Flounder Roll Soup
Flounder Roll Soup
Rolled Flounder in Savory Broth (Gwang-eo Jajo-geum)
As the crisp morning and evening breezes signal cooler weather, a comforting bowl of soup often comes to mind. This recipe offers a delightful ‘Rolled Flounder Soup’ that’s not overly seasoned, leaning towards a healthy and nourishing dish. It combines the delicate flavor of flounder with the refreshing crunch of aged kimchi.
Main Ingredients- 200g boneless flounder
- 9 leaves of washed aged kimchi
- 1/2 stalk of green onion
- 1 small onion
- 1/2 Korean chili pepper (cheongyang)
- 1/2 red chili pepper
- 9 blanched chives
- 300g dried anchovy and kelp broth
- A bit of Baekseon oyster mushroom (or regular oyster mushroom)

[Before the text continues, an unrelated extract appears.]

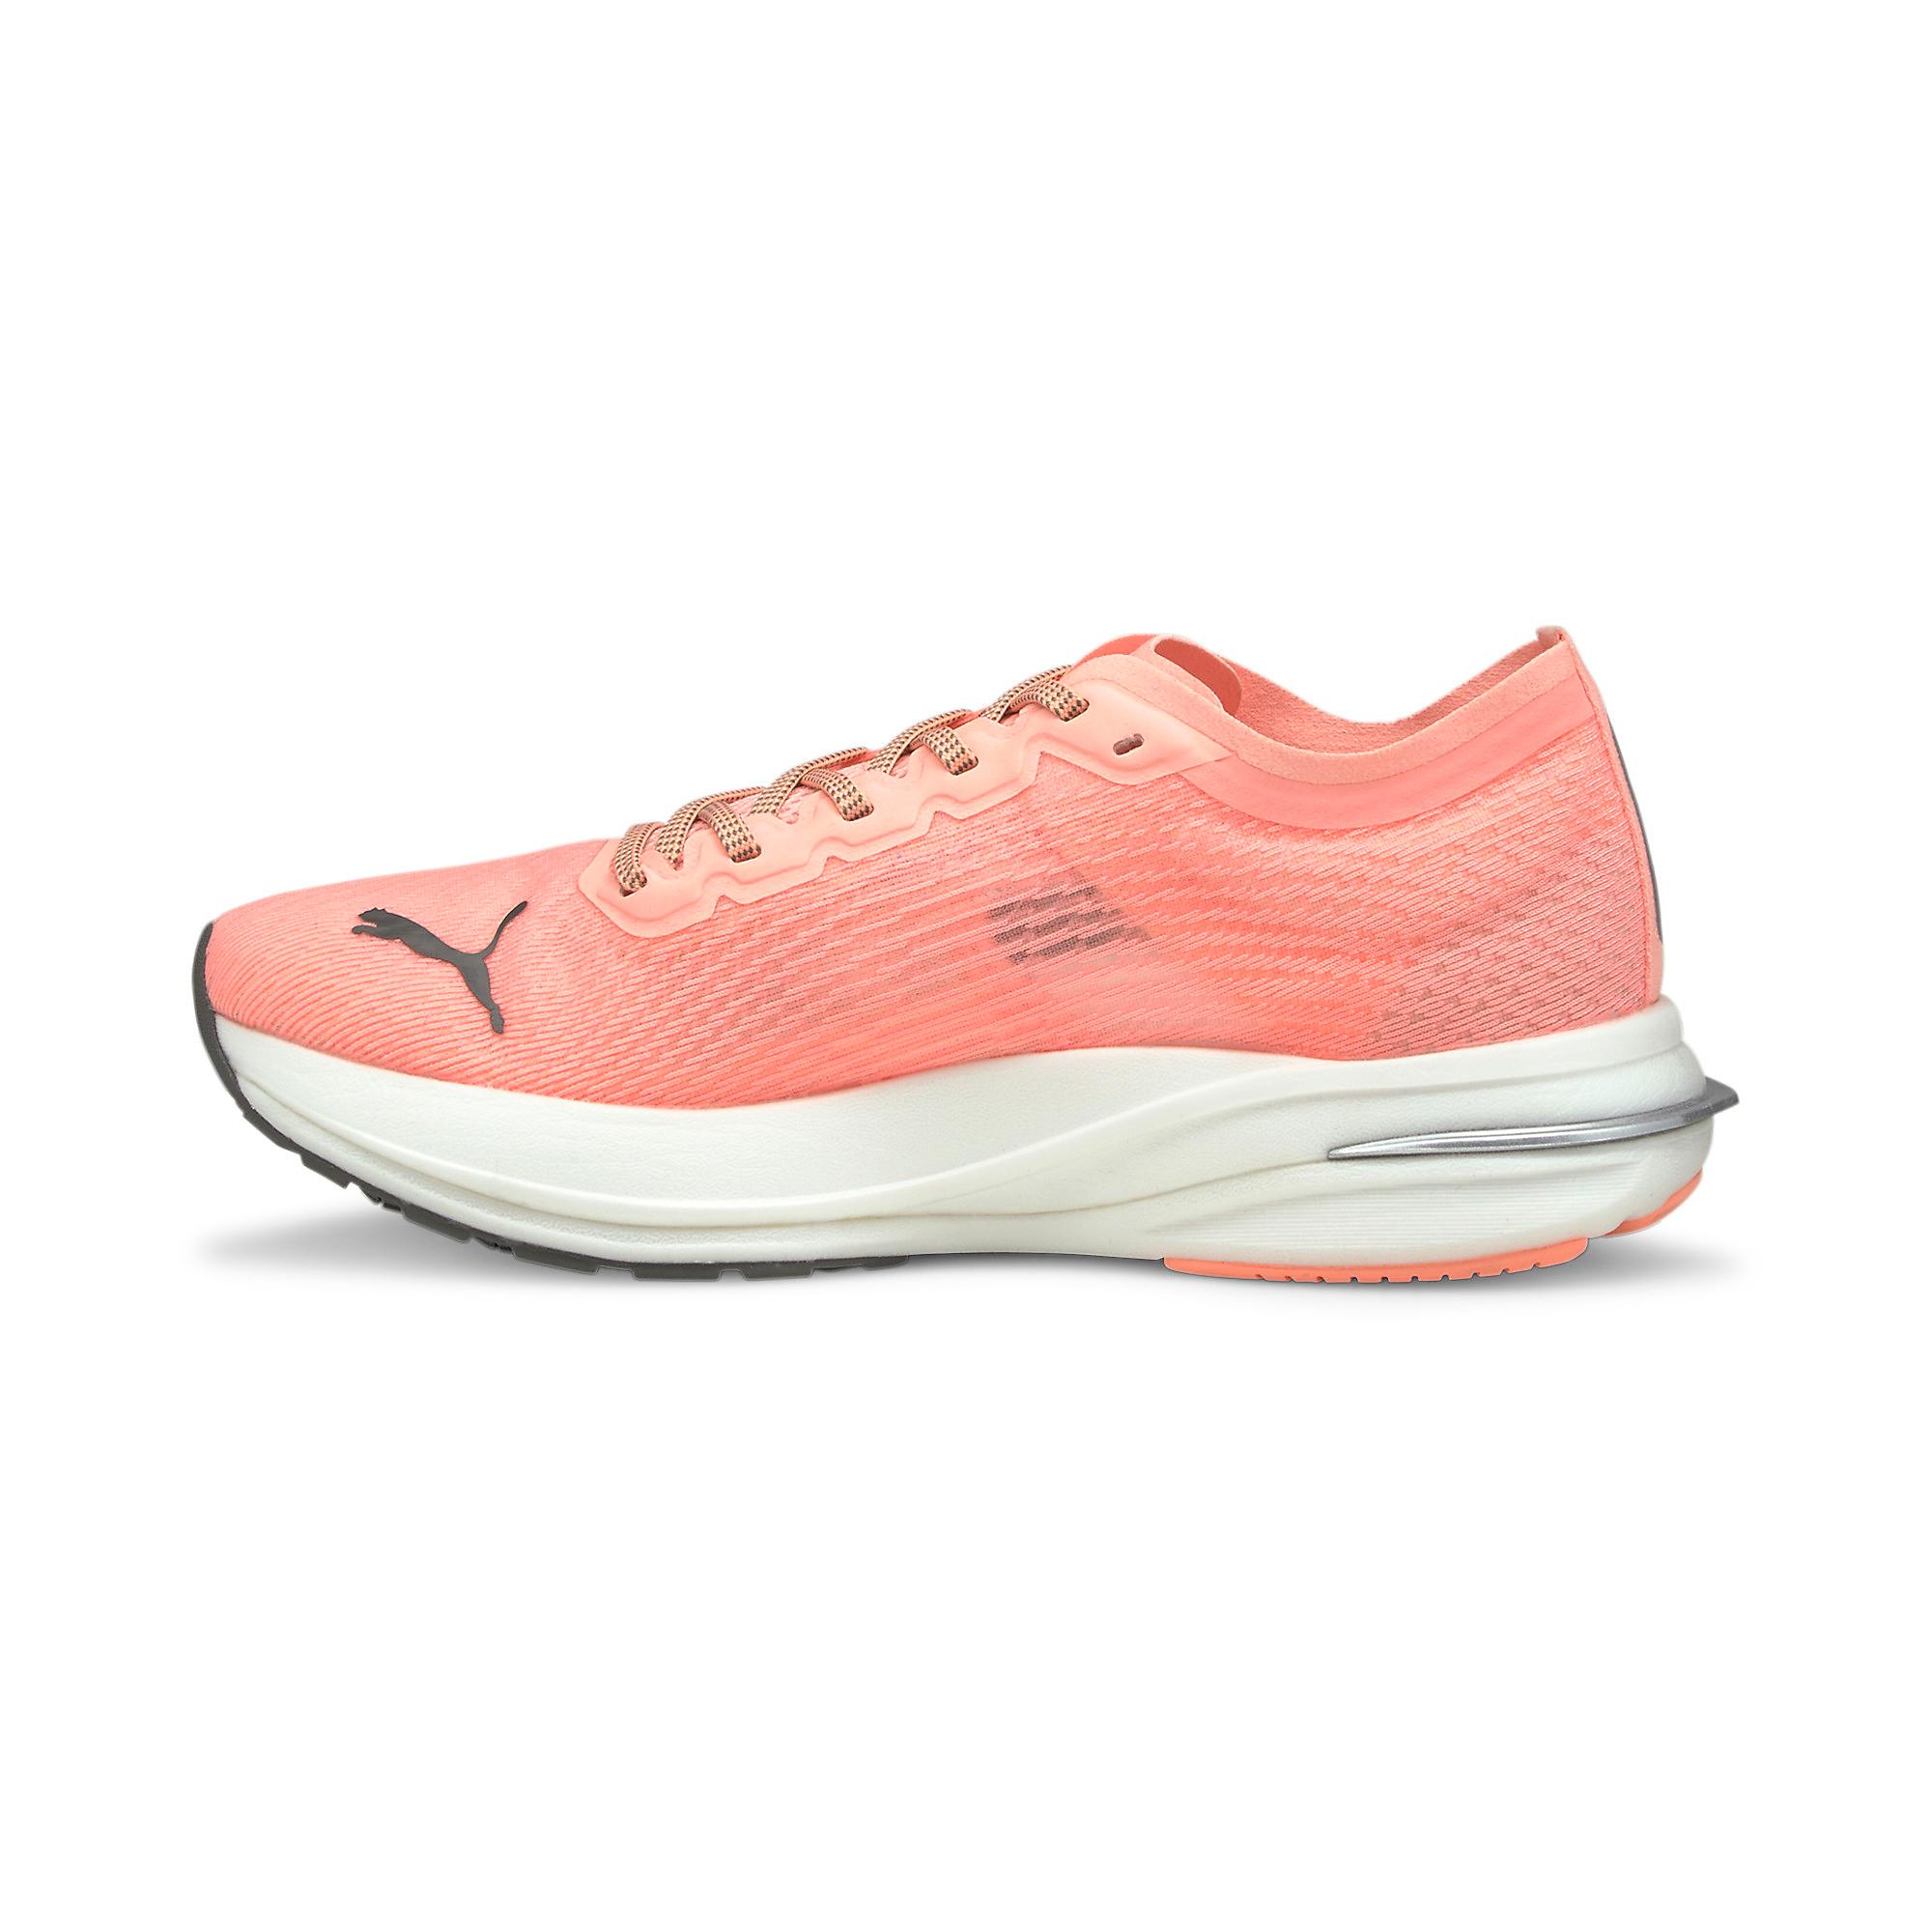 Women's Puma Deviate Nitro Running Shoe - Color: Elektro Peach - Size: 5.5 - Width: Regular, Elektro Peach, large, image 2

Seasoning & Others- Pinch of salt
- Pinch of black pepper
- 1 Tbsp cornstarch
- Pinch of salt
- Pinch of black pepper
- 1 Tbsp cornstarch
Cooking Instructions
Step 1
First, prepare the boneless flounder. It should be already cleaned and ready to use.
Step 2
Grind the flounder finely using a blender. For a smoother texture, it’s helpful to chop the vegetables (green onion, onion, chili peppers, etc.) finely before adding them to the blender with the fish. Blend until you achieve a smooth paste.
Step 3
Season the ground flounder mixture with a pinch of salt and pepper. Avoid over-seasoning to let the natural flavors of the ingredients shine through. Taste and adjust as needed.
Step 4
Add 1 tablespoon of cornstarch to the seasoned flounder mixture. Knead the mixture thoroughly until it becomes sticky and cohesive. This will help the rolls hold their shape during cooking. Continue kneading until the mixture is smooth and well-combined.
Step 5
Wash the aged kimchi leaves and prepare them. Briefly blanch the chives in boiling water until they are slightly softened. This step ensures the kimchi remains crisp and the chives are tender when wrapped.
Step 6
Lay out an aged kimchi leaf, place a portion of the seasoned flounder mixture on top, and roll it up tightly. Secure the roll with a blanched chive to prevent it from unraveling during cooking. Repeat for all the leaves.
Step 7
Place the neatly rolled flounder parcels into a steamer basket. Steam over high heat for about 20 minutes. The rolls are cooked when a skewer inserted comes out clean. They should be firm on the outside and tender on the inside.
Step 8
After 20 minutes, here’s the appearance of the steamed flounder rolls. They look deliciously cooked.
Step 9
Arrange the steamed flounder rolls attractively in a serving bowl. Add the oyster mushrooms and pour the warm anchovy-kelp broth over them. Your delicious Rolled Flounder Soup is now ready to be enjoyed!